Motorola is the latest company to jump on the Linux bandwagon with the launch of a strategy for embedded and high availability Linux products and services.
The company said the performance and flexibility of the Linux platform and its open source environment will help speed time to market and help reduce development costs for its OEM customers.
Dave Peters, software product manager at Motorola commented: "Linux is now ready for design and deployment in the embedded market. The Linux OS will give us the opportunity to bring PowerPC and Intel into the embedded market in a level playing field."
Motorola is partnering with Lineo, an embedded Linux software company and Caldera Systems as part of the strategy.

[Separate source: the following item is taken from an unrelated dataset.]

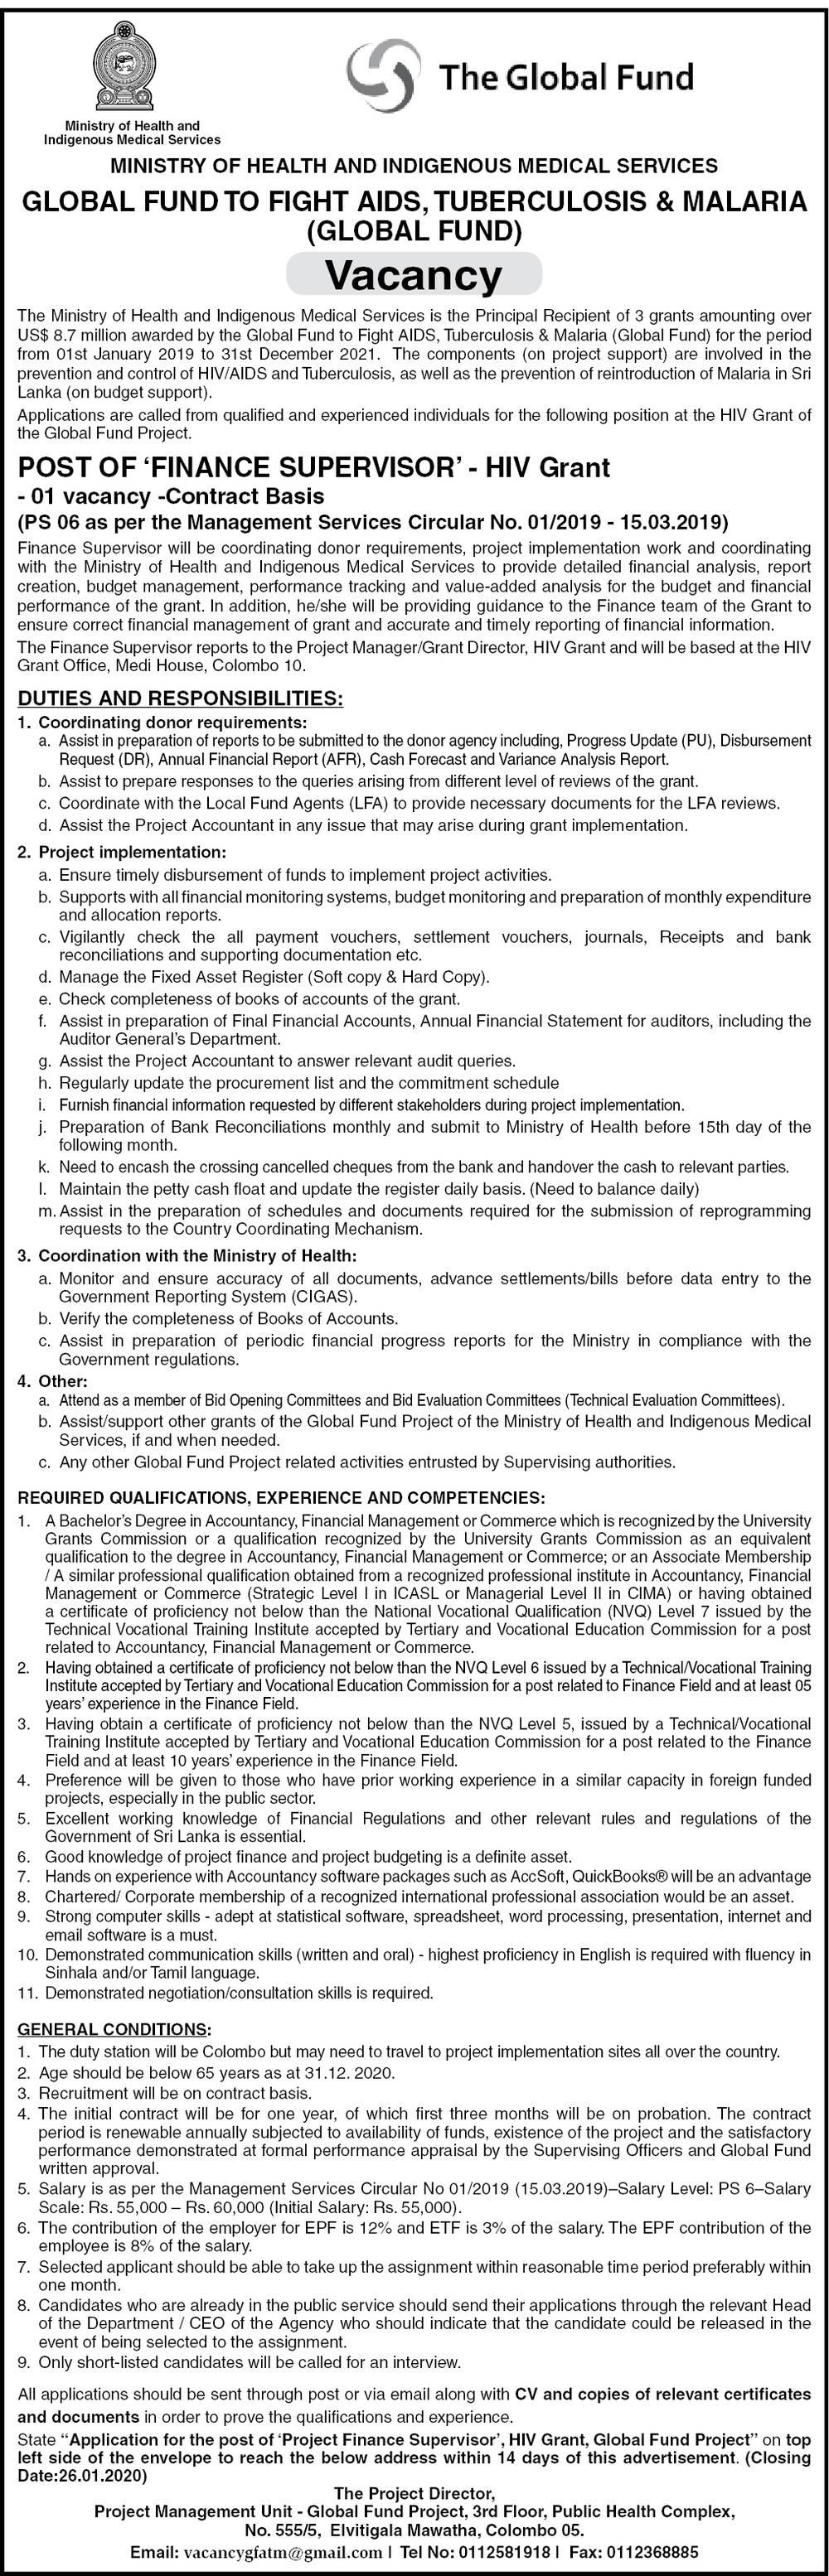 Ministry of Health Job Vacancies 2020

The company plans to ship system platforms with Caldera's Openlinux and will refer customers to Lineo's Embedded Linux software development kit.
The first Linux based offerings developed as a result of the new strategy are called the EMS Series for telecommunications, office and industrial networking applications, ad the SLX Series network appliance, aimed at Internet, Intranet and Extranet networking applications.

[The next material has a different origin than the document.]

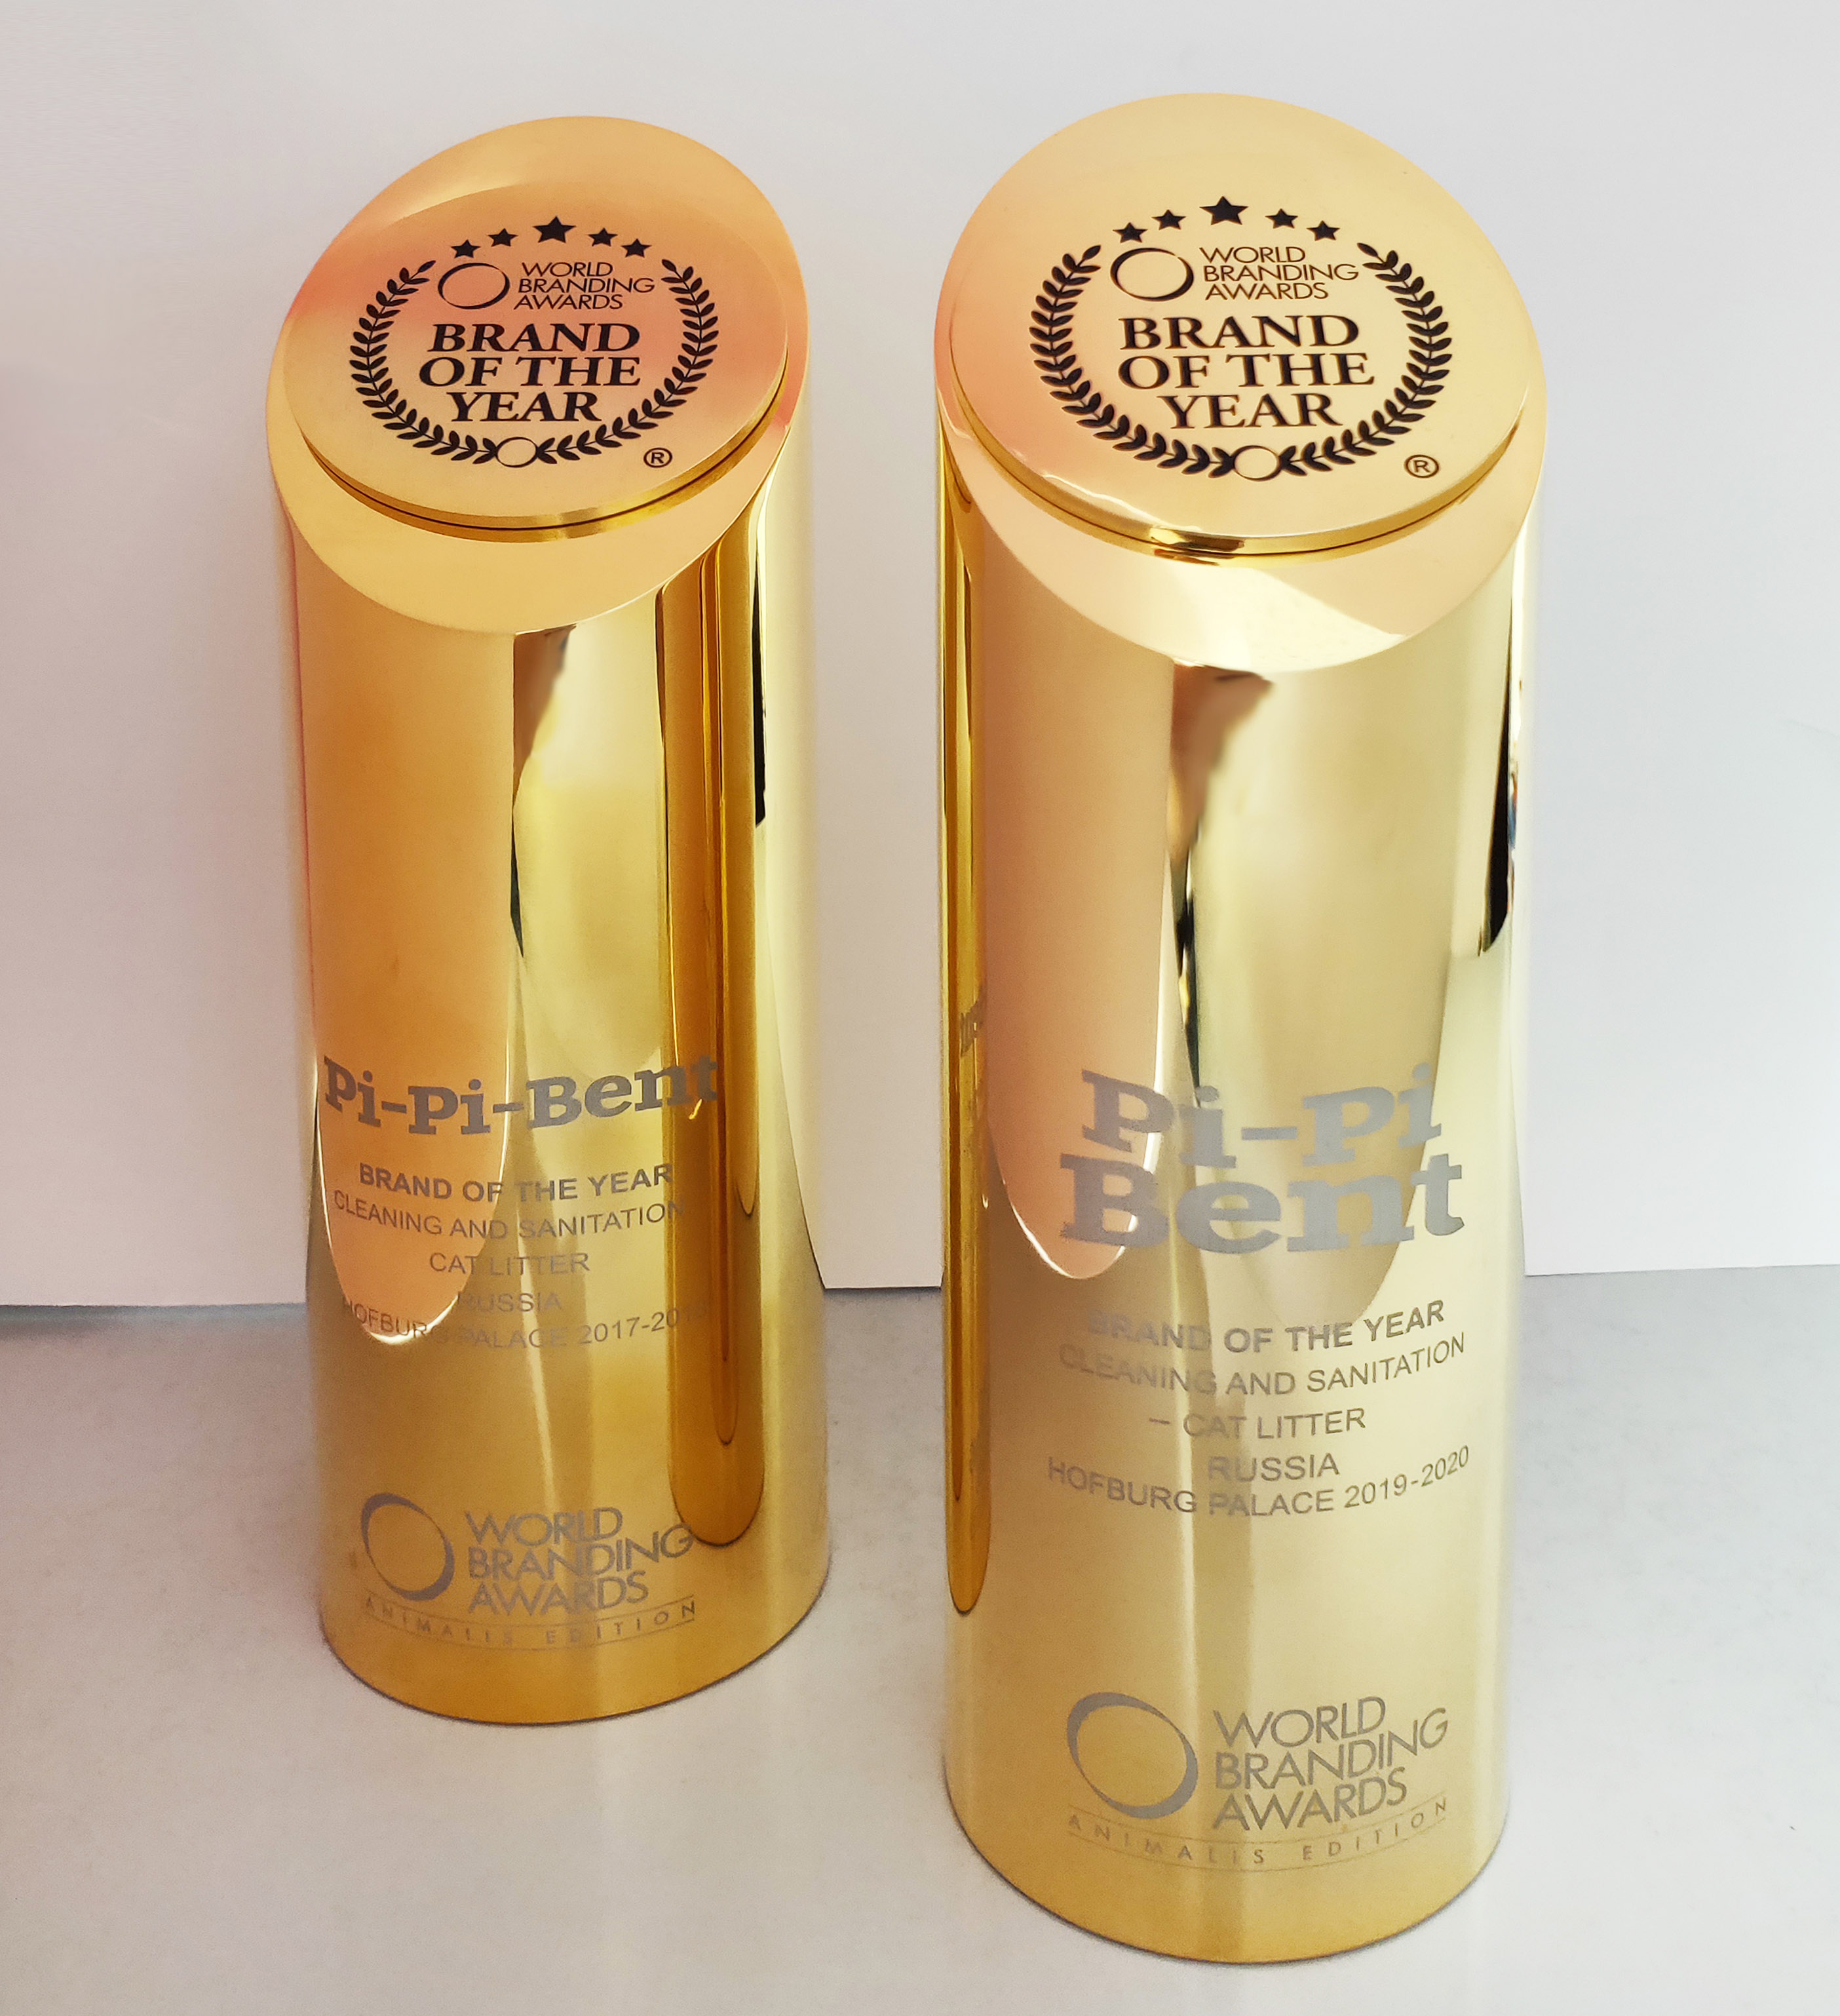 Слева направо: награда за 2017-2018гг., награда за 219-2020гг.

Motorola said the products would be available worldwide in September.
According to research company IDC, Linux holds a 17 per cent share of the server market today. In addition, the company said Linux server license distribution reached 750,000 in 1998 - equalling all other Unix server license distributions combined. Actual Linux deployments far exceed the IDC number since a single license may be used across multiple platforms.
Noel Lesniak, business manager for the Linux platform at Motorola commented: "We are seeing rapid growth in interest in Linux across our OEM customers. The open source environment has a lot of appeal, there's a comfort factor in being able to get to the source code."